Natalie Munroe blog raising questions of teacher free speech
Everyone gets a little frustrated at work or other people now and again. On Natalie Munroe’s blog, the high school teacher ranted about her students and job. When that blog was brought to administrator’s attention, Natalie Munroe was suspended, and she may be fired.
The contents of the Natalie Munroe blog
Natalie Munroe is a high school English teacher in Feasterville, Pa. The 30-year-old started a blog in 2009 in about her life and thoughts on being a teacher. In the 80 posts on her blog, she talked about her students about 25 percent of the time. Though the blog has since been taken down, it is available as a cached page. She says things such as: “Kids! They are disobedient, disrespectful oafs. Noisy, crazy, sloppy, lazy LOAFERS.” as well as coming up with a list of “alternate” report card barbs such as:
I hear the trash company is hiring. I called out sick a couple of days just to avoid your son. Rude, beligerent [sic], argumentative f**k. Just as bad as his sibling. Don’t you know how to raise kids? Nowhere near as good as her sibling. Are you sure they’re related?” Shy isn’t cute in 11th grade; it’s annoying. Must learn to advocate for himself instead of having Mommy do it.
Does the Natalie Munroe blog count as free speech?
When Natalie Munroe’s students found their teacher’s blog, they brought it to the attention of administrators.

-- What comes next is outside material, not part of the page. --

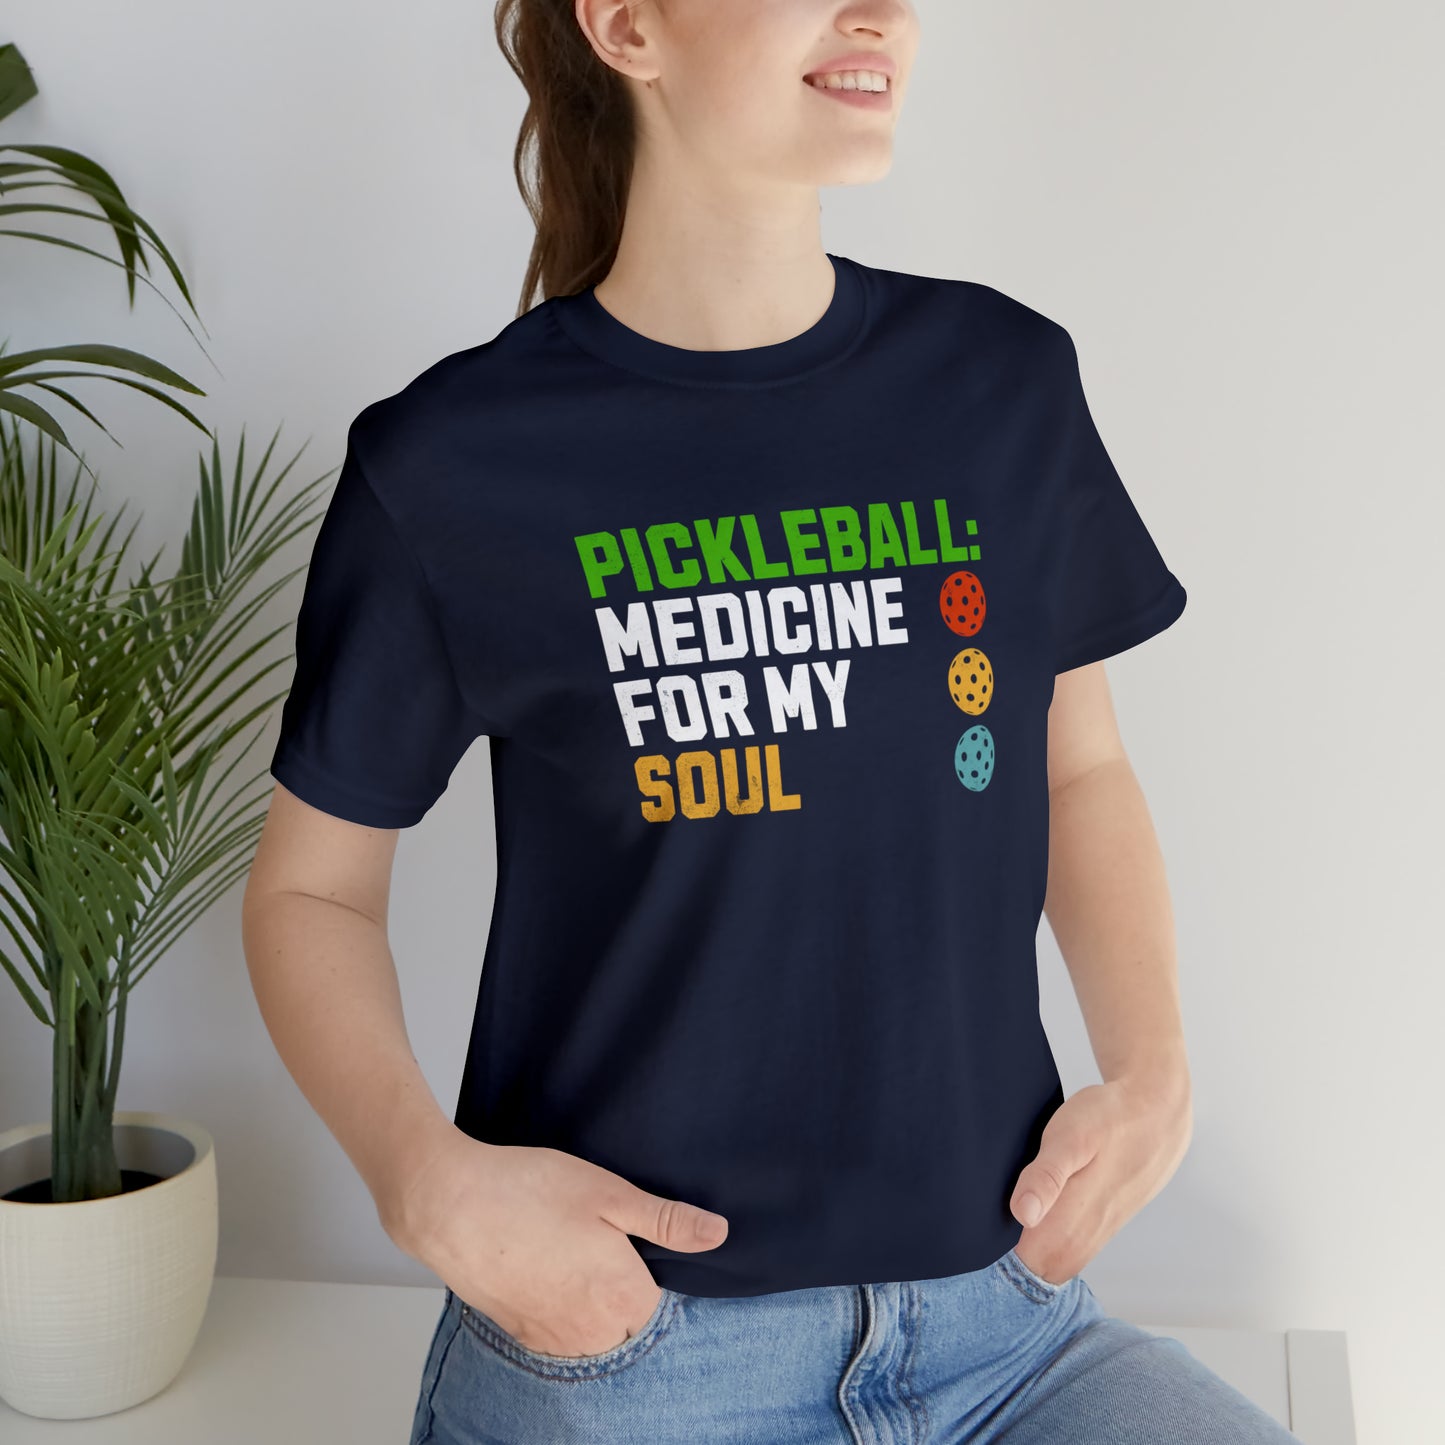 Pickleball, Medicine for My Soul T-Shirt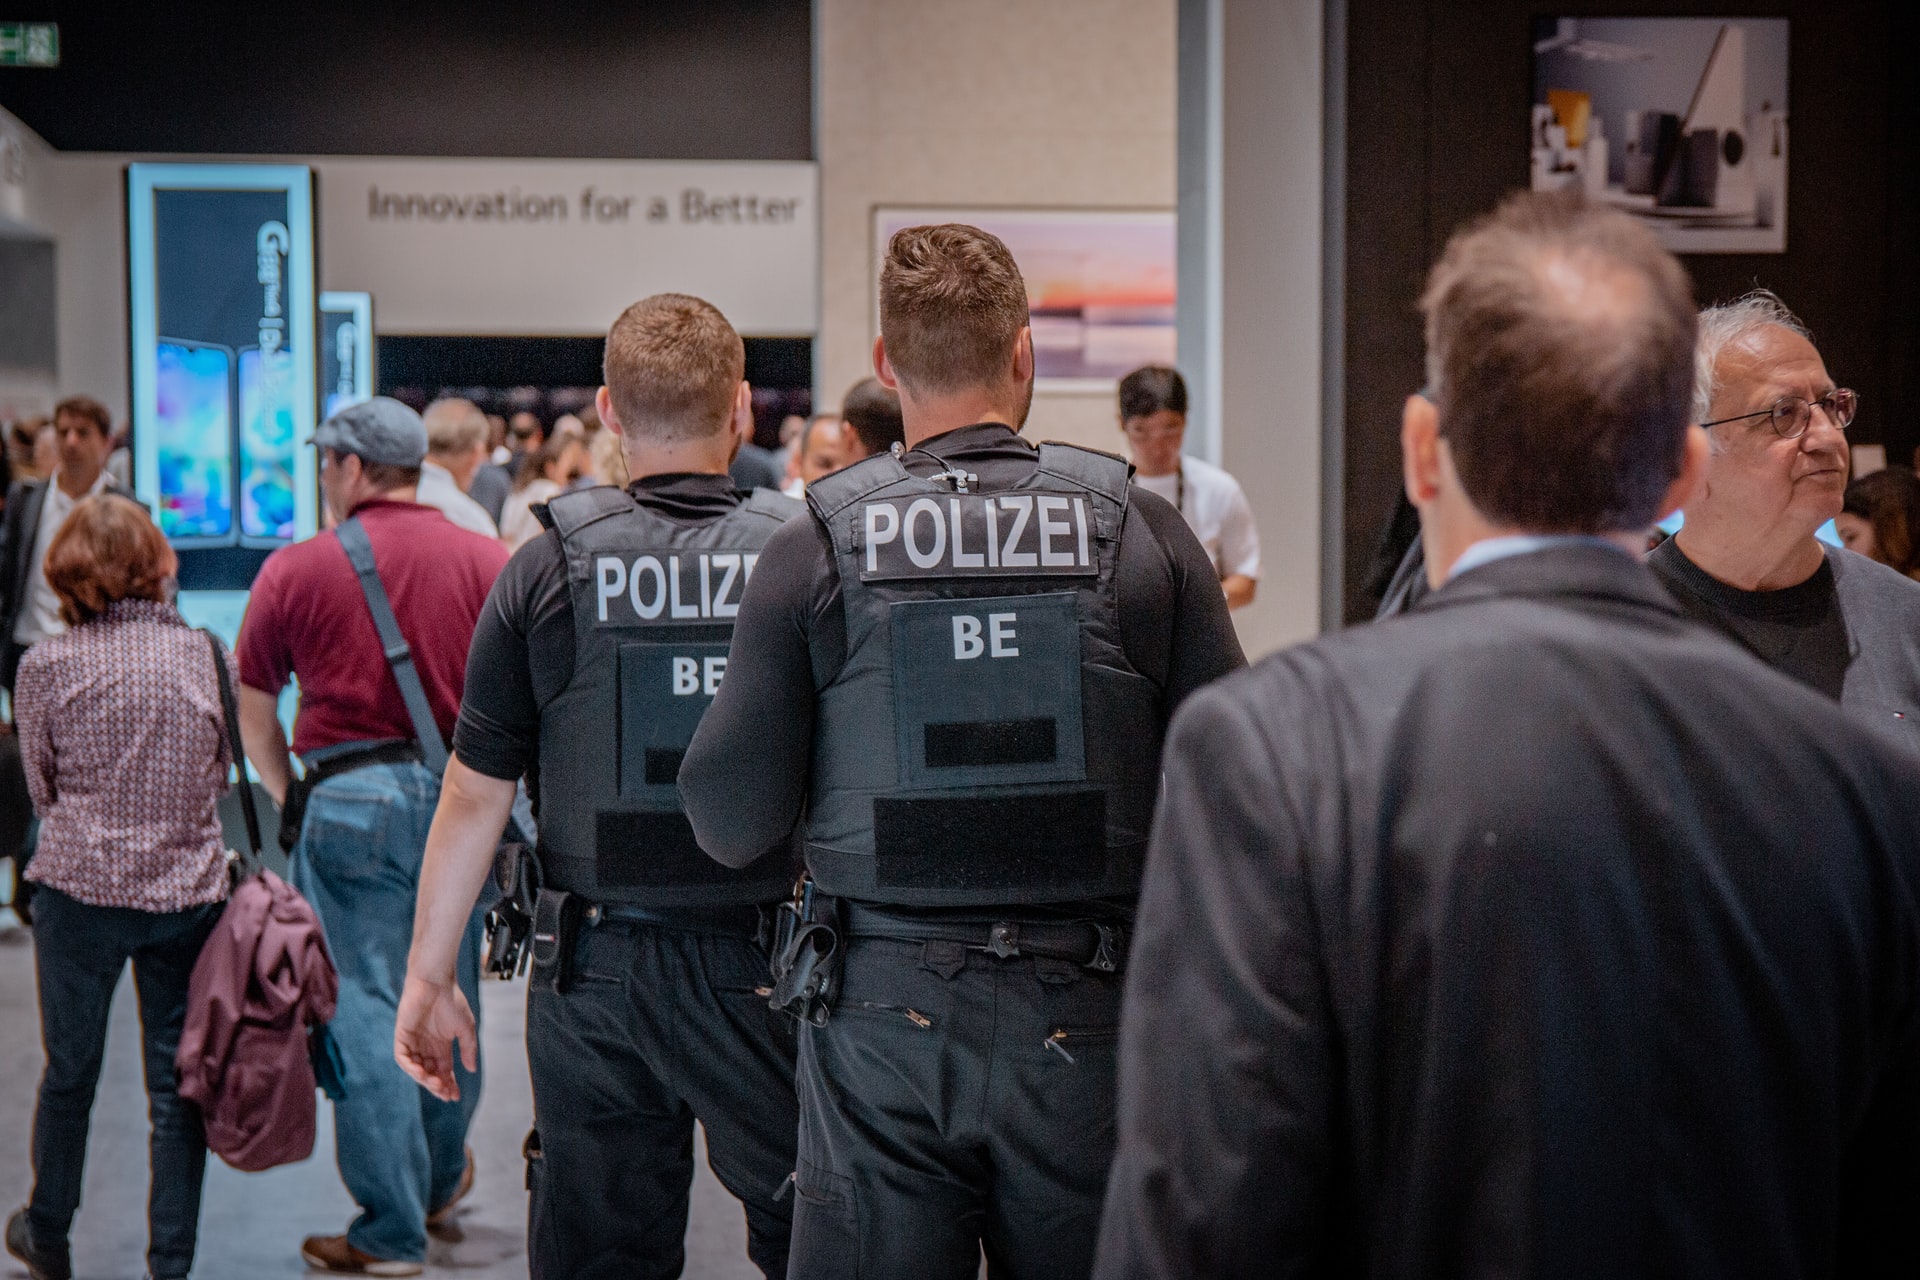 Politie_Germania

The administrators suspended Munroe, and are considering firing her. Munroe has hired a lawyer, who says that they will be fighting these actions on the basis that a personal blog counts as free speech. Munroe was careful to not provide any identifying information about her school or her students. Administrators may be able to fire Munroe based not the fact that she admits to blogging on school computers and on school time.
Other blogging teachers
Natalie Munroe is not the only teacher who blogs about her frustration with the educational system. “Fed Up With Lunch” is a blog kept carefully non-identifying that expresses the anger at the school lunch program. Teachers walk a fine line between expressing their frustration about the system they work in and keeping their jobs.